My heart would sink. Not because I don’t love my in-laws; I hit the jackpot with them, and I have come to appreciate them even more seeing them as grandparents. But video chats invariably brought out the worst in my three kids, as they yelled, bickered and tried to one-up each other for attention in the least flattering ways. I would eventually position myself behind the screen, out of view, silently imploring my husband to just put a stop to the chaos, and the 15-minute sessions seemed to last an eternity. We would end the calls exhausted, frustrated and having conveyed zero intelligible information to our remote loved ones.

It got to the point where my older two kids would quite often run and hide when the prospect of FaceTime came up, leaving our toddler to babble enthusiastically at the screen while her obliging grandparents pretended to understand (there was a lot of nodding, and “Oh, wow!” happening on their end). Given that my children worship all of their grandparents, it was clear that the problem was the way we were going about connecting them.

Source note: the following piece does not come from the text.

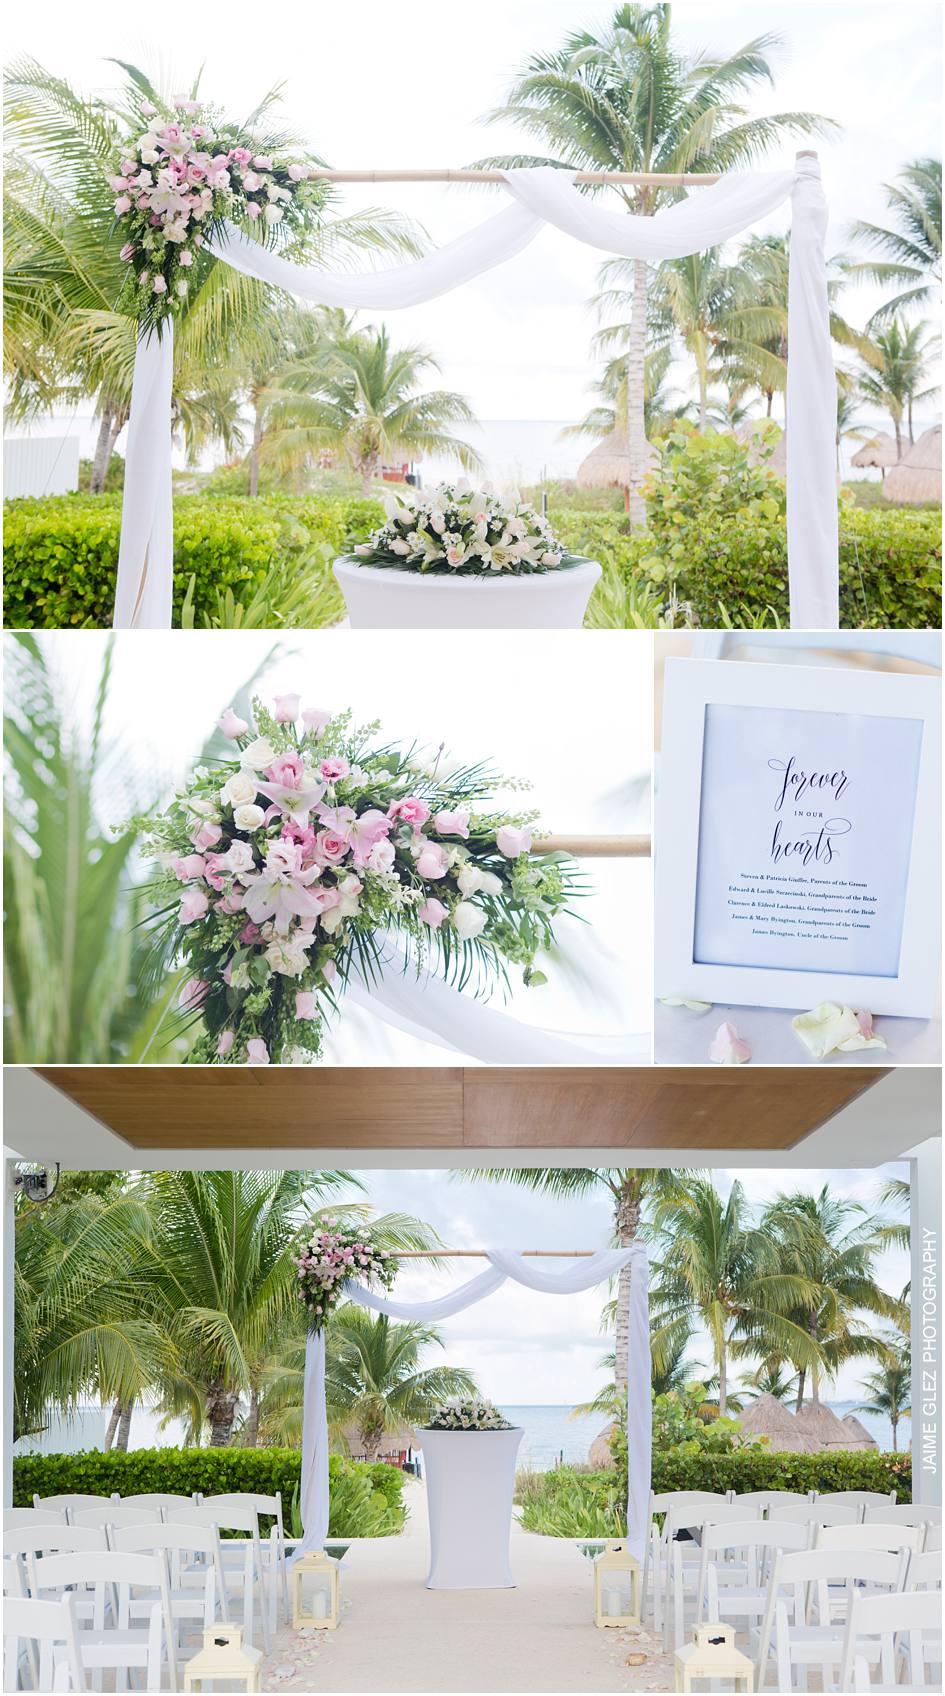 finest playa mujeres wedding photography 11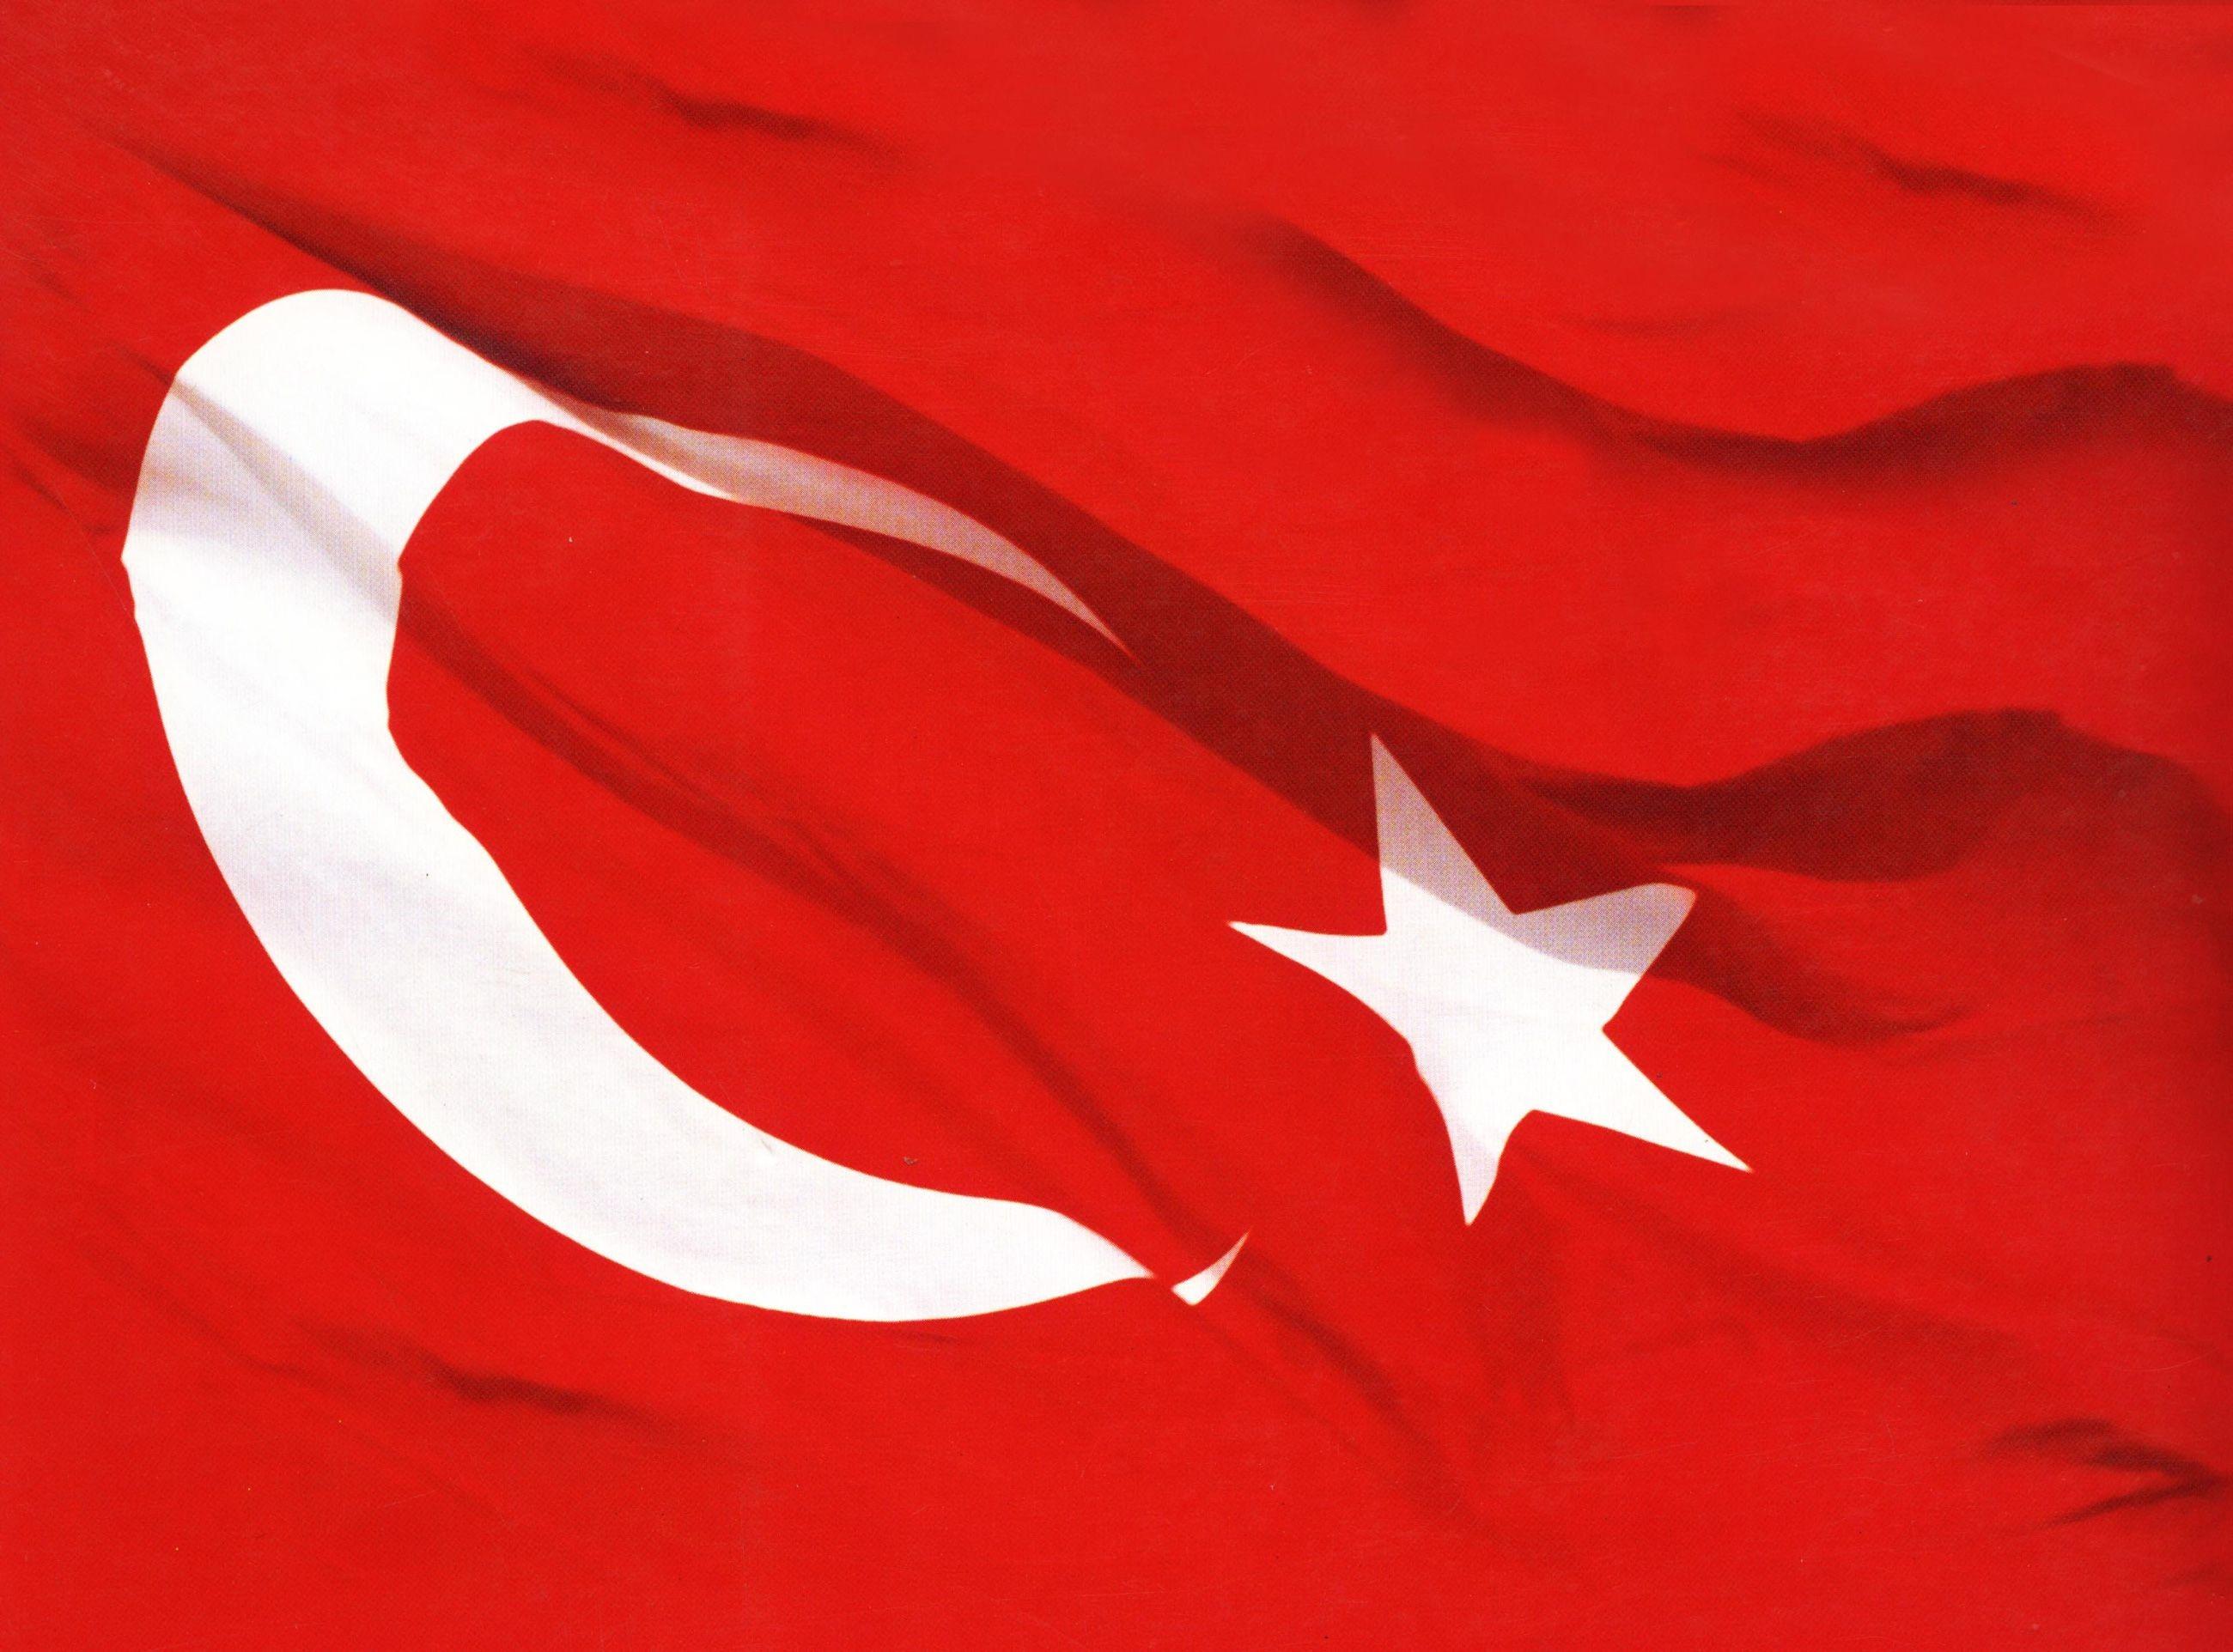 Türk Bayrağı 1080p wallpapers

So we stopped family FaceTime. Or, to be more specific, we stopped FaceTiming as a family and started setting the kids up for one-on-one virtual chats, in their own rooms with no siblings allowed. It may have taken us embarrassingly long to come up with this strategy, but it was a complete game-changer.

Any parent with more than one child realizes pretty quickly that the worst sibling behavior is often rooted in competition for their parents’ time and attention. A little alone time with a child goes a long way toward restoring harmony throughout the household. So why would it be any different with a grandparent or other special person in our kids’ lives? Expecting siblings to share the spotlight on a video call is like expecting them to take one cookie and politely pass the plate around, rather than madly grabbing as many cookies as they can possibly fit in both hands before their brother or sister gets one.

Now each child gets the spotlight, no sharing required. They tell their grandparents about their week, describe the plots of terrible TV shows in meticulous detail, list all the things they want for Christmas (even though it’s six months away), and generally have a ball, just as they would if the interaction took place in person.

I wish I could say the newfound Zen of our FaceTime calls translates into a quiet, peaceful Sunday evening. That is rarely the case. But at least the bad behavior is only happening off camera. I’ll take that as a win.